The answer consists solely of the lines running from the one with "CouponCenter - gojersey" through the final line below, transcribed exactly and without any pictures.

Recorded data
'''
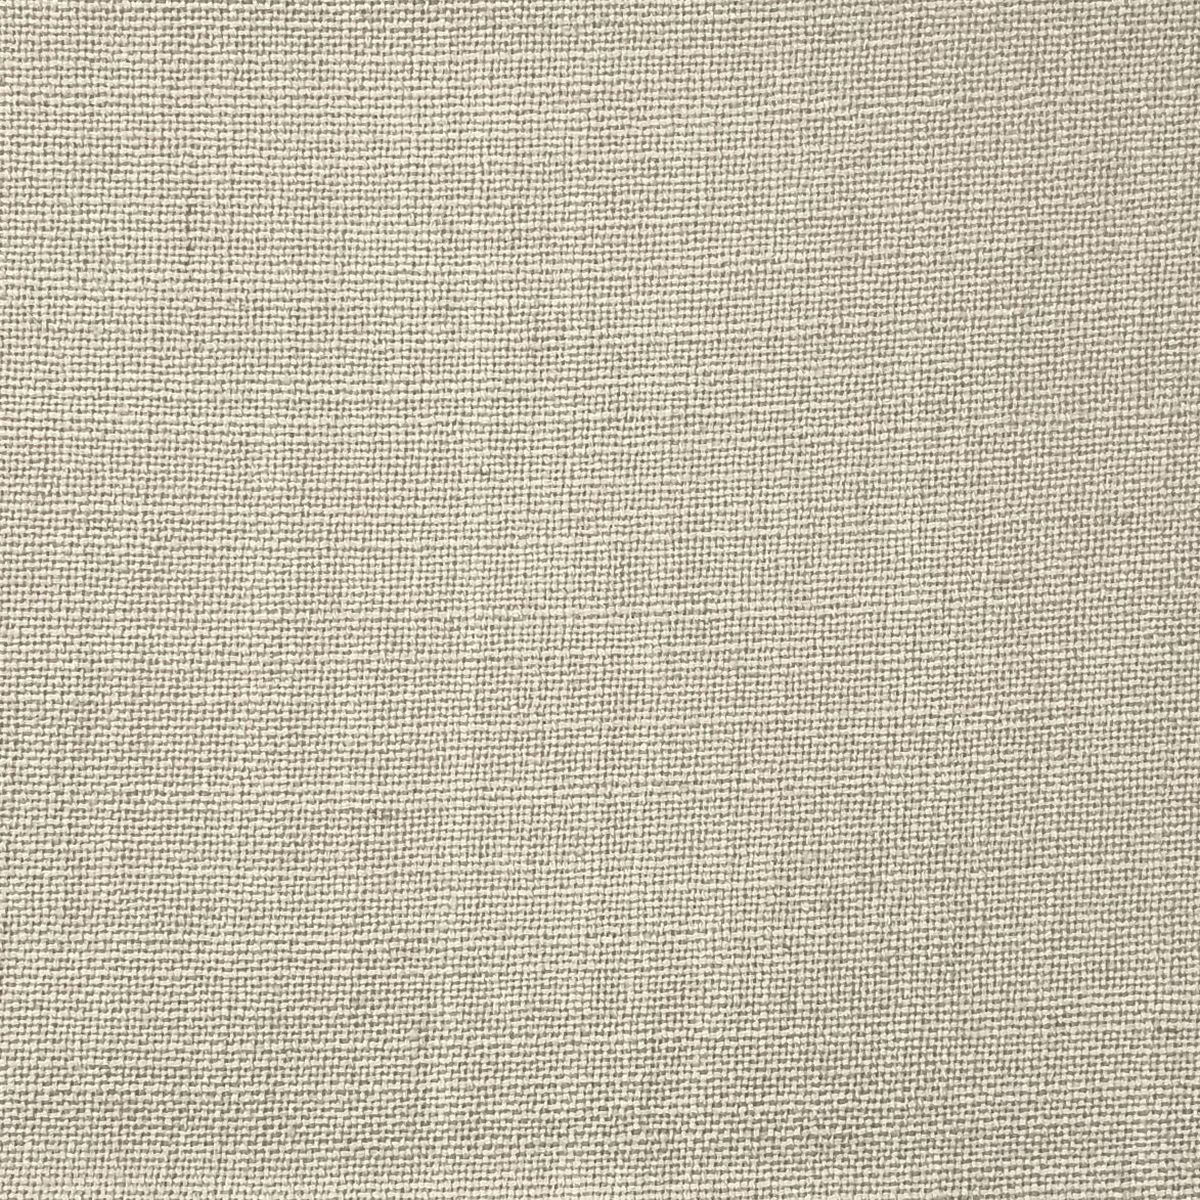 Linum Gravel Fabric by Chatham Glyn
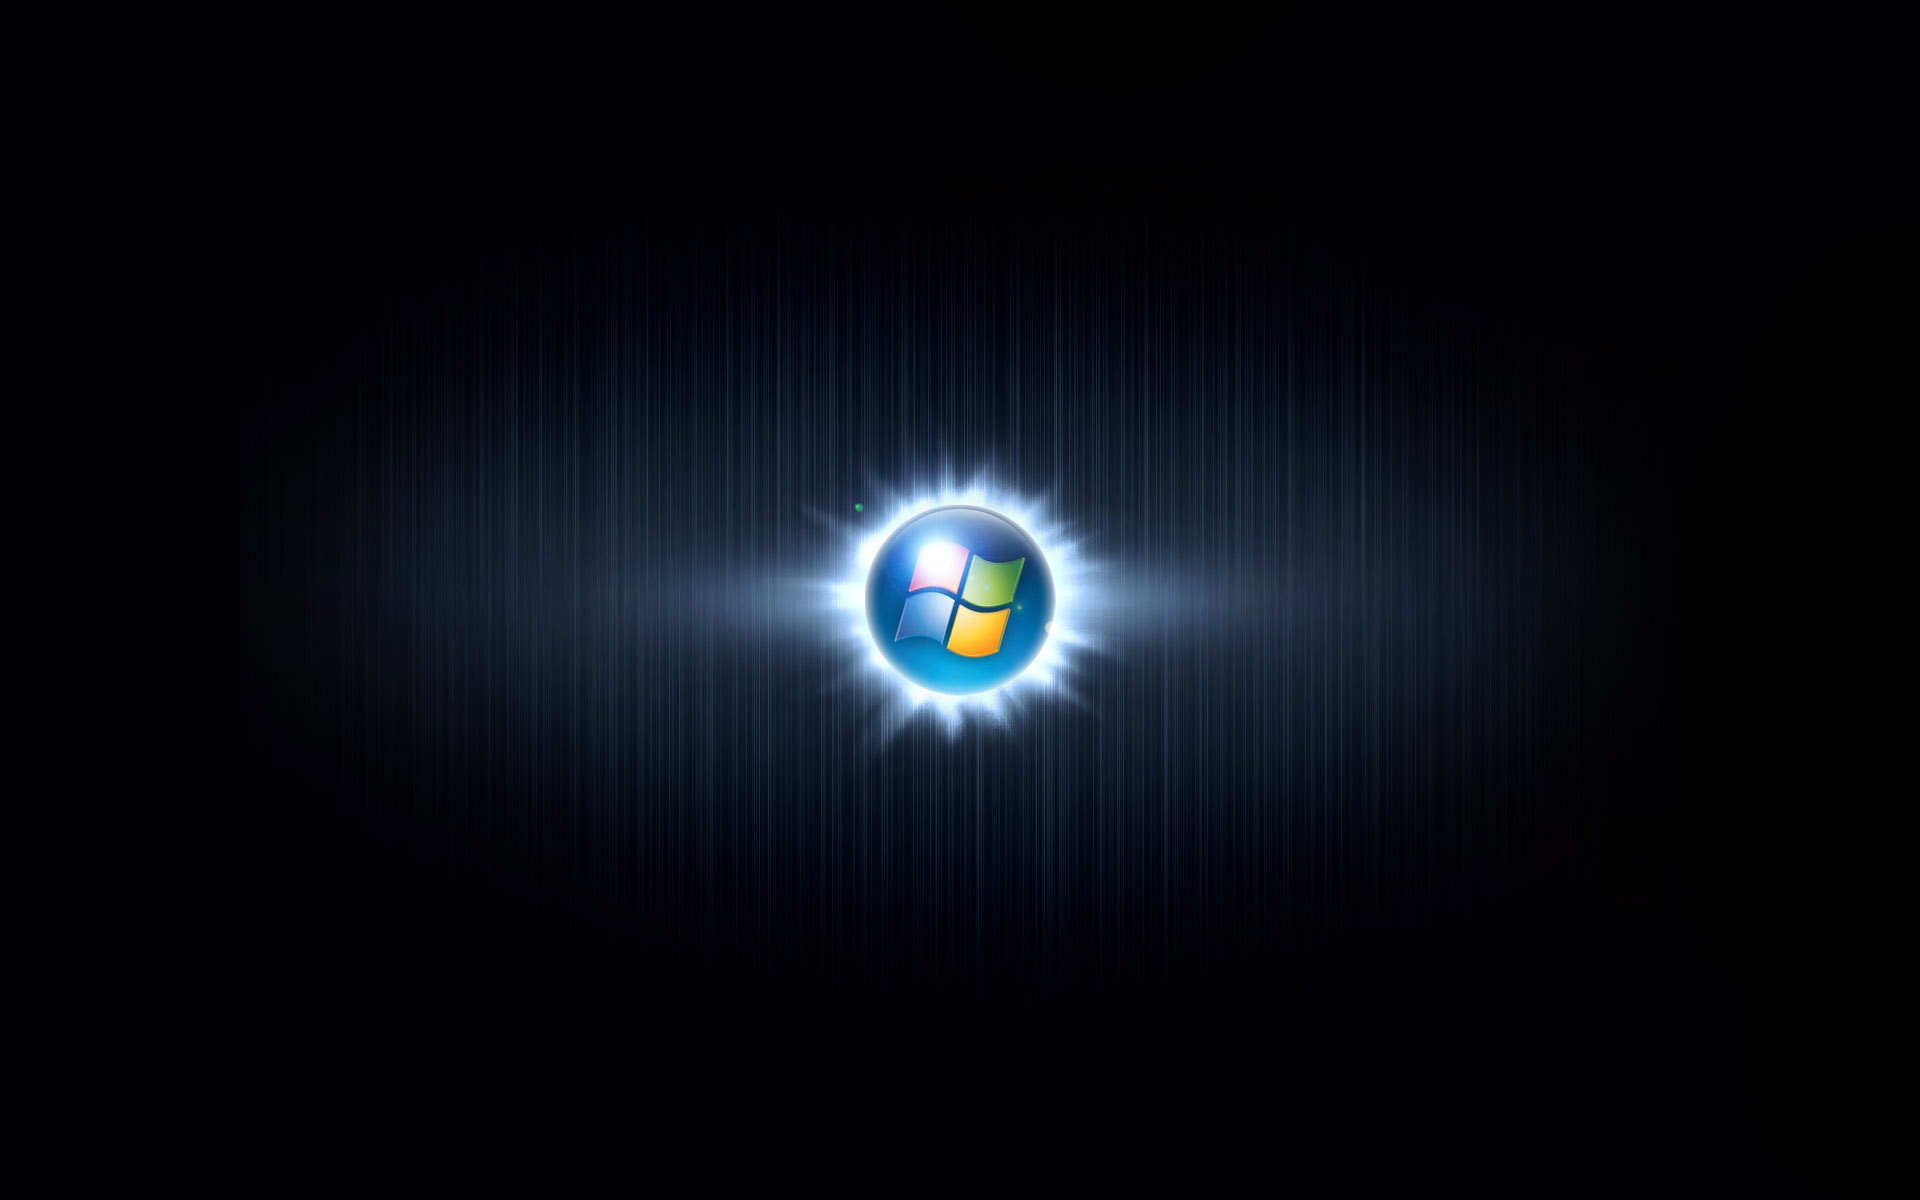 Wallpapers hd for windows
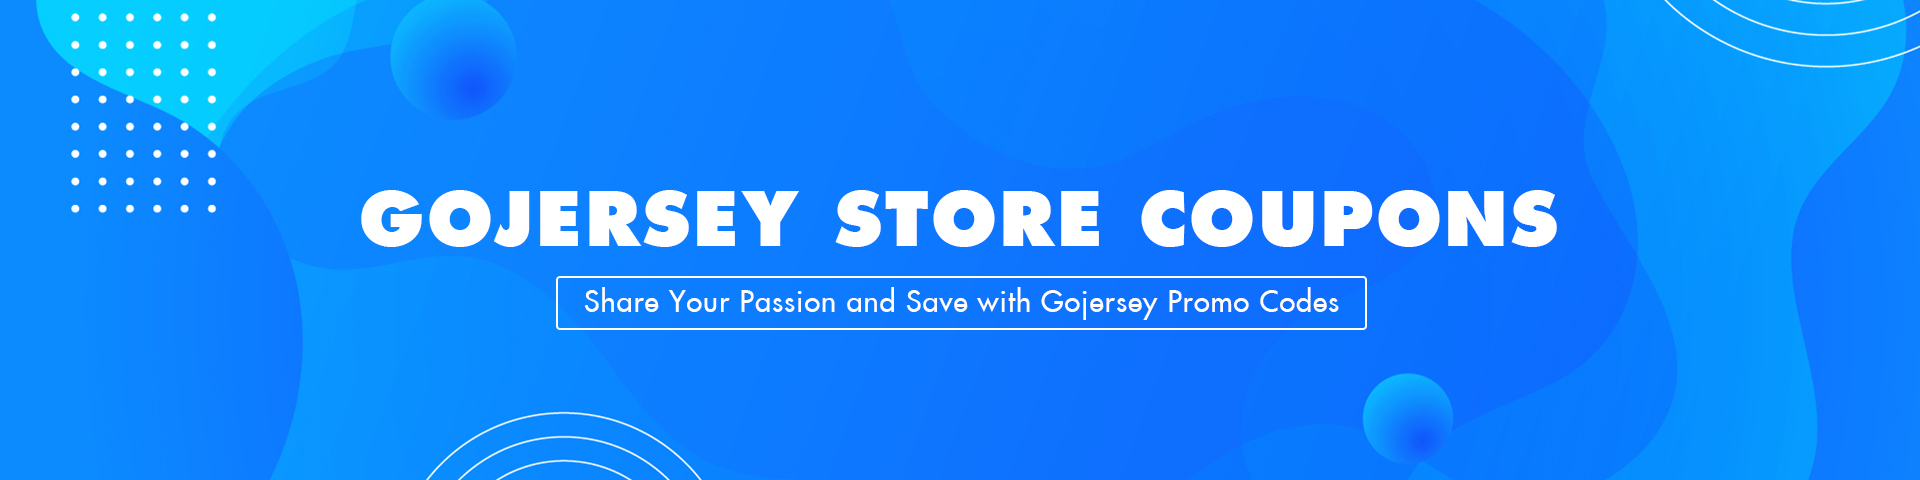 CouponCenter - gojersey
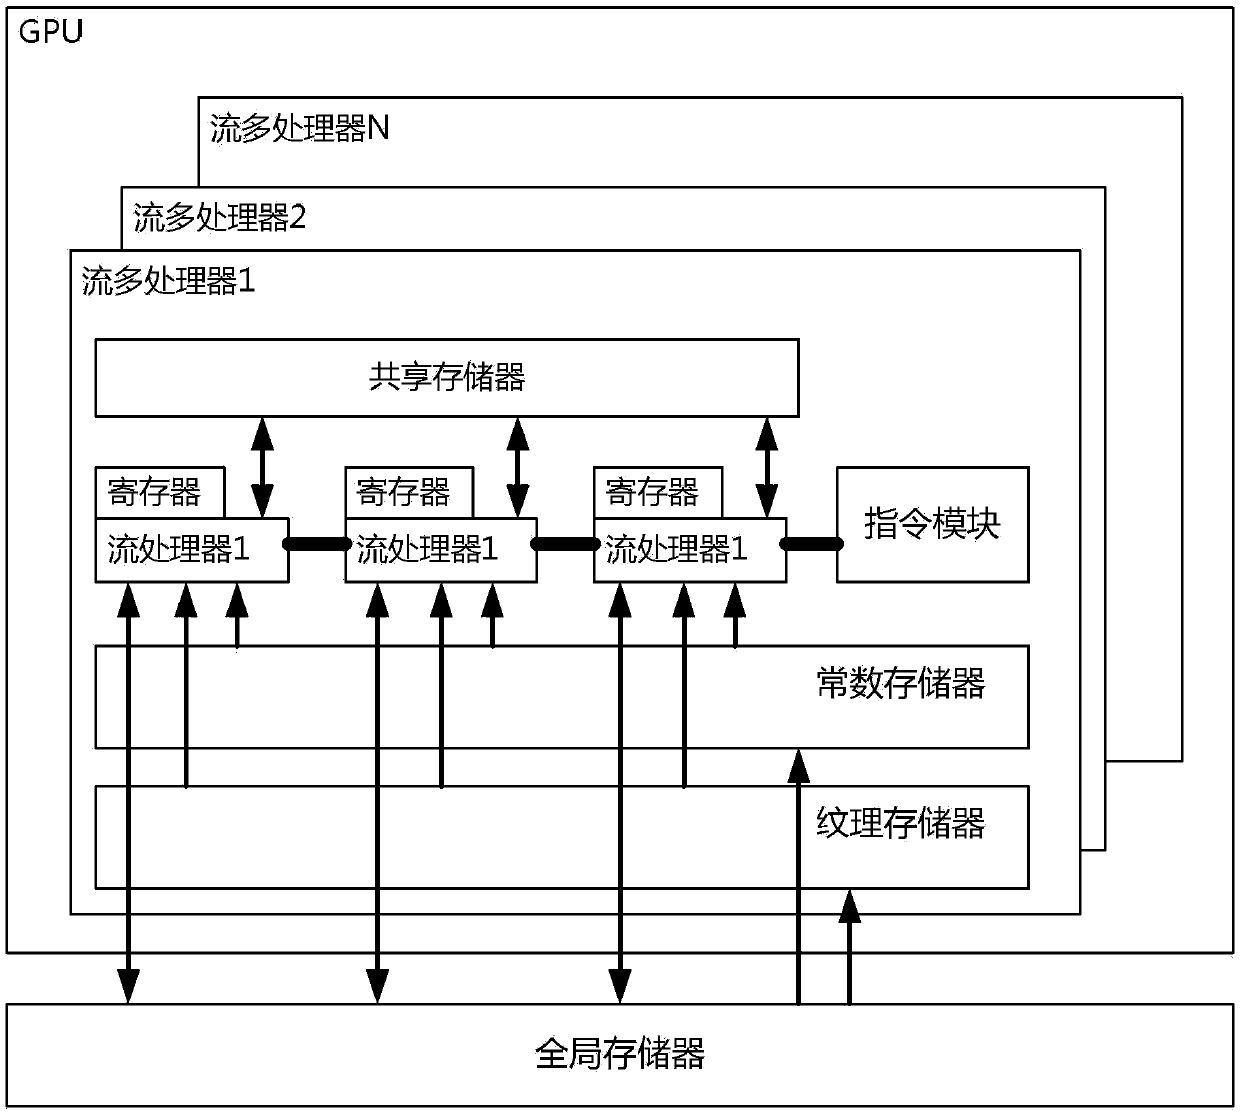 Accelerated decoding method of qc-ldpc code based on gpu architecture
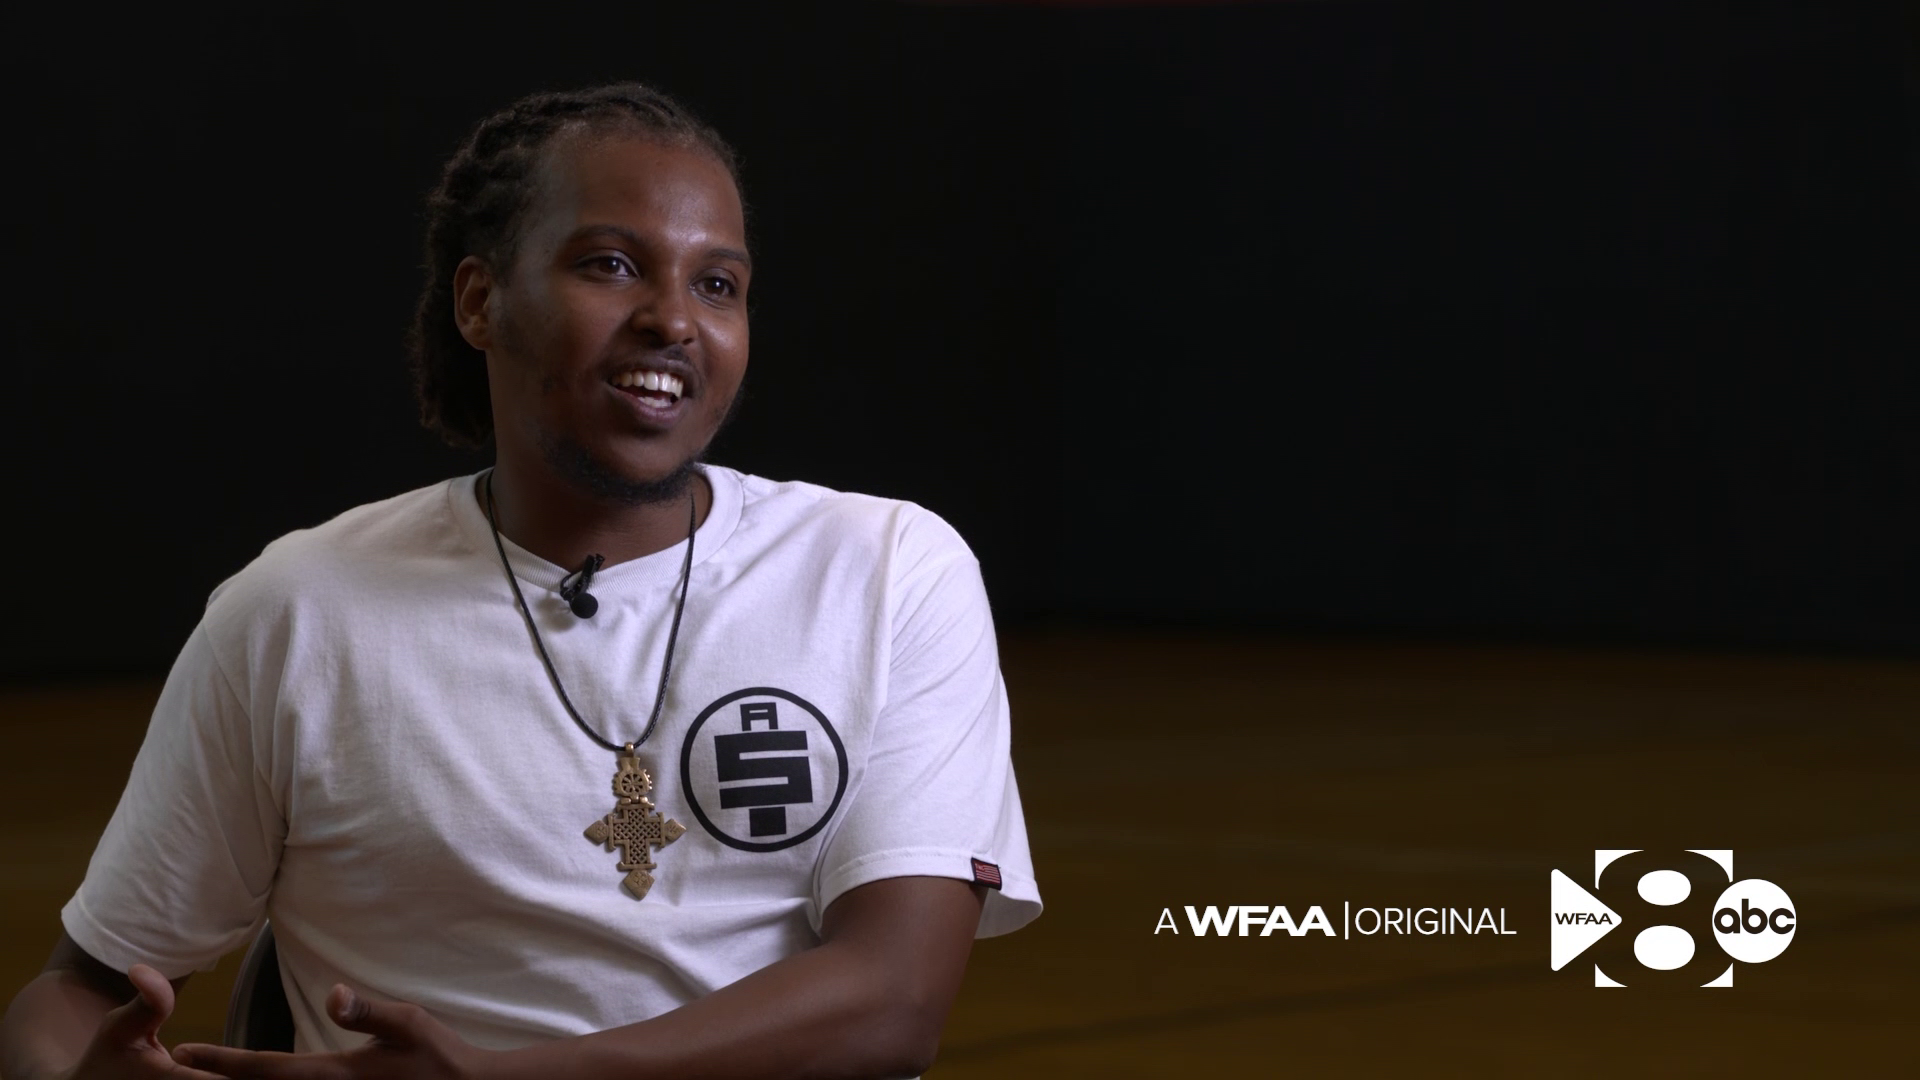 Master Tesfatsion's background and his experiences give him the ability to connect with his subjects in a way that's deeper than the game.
'''
Result of the task
 CouponCenter - gojersey
 Accelerated decoding method of qc-ldpc code based on gpu architecture
 Master Tesfatsion's background and his experiences give him the ability to connect with his subjects in a way that's deeper than the game.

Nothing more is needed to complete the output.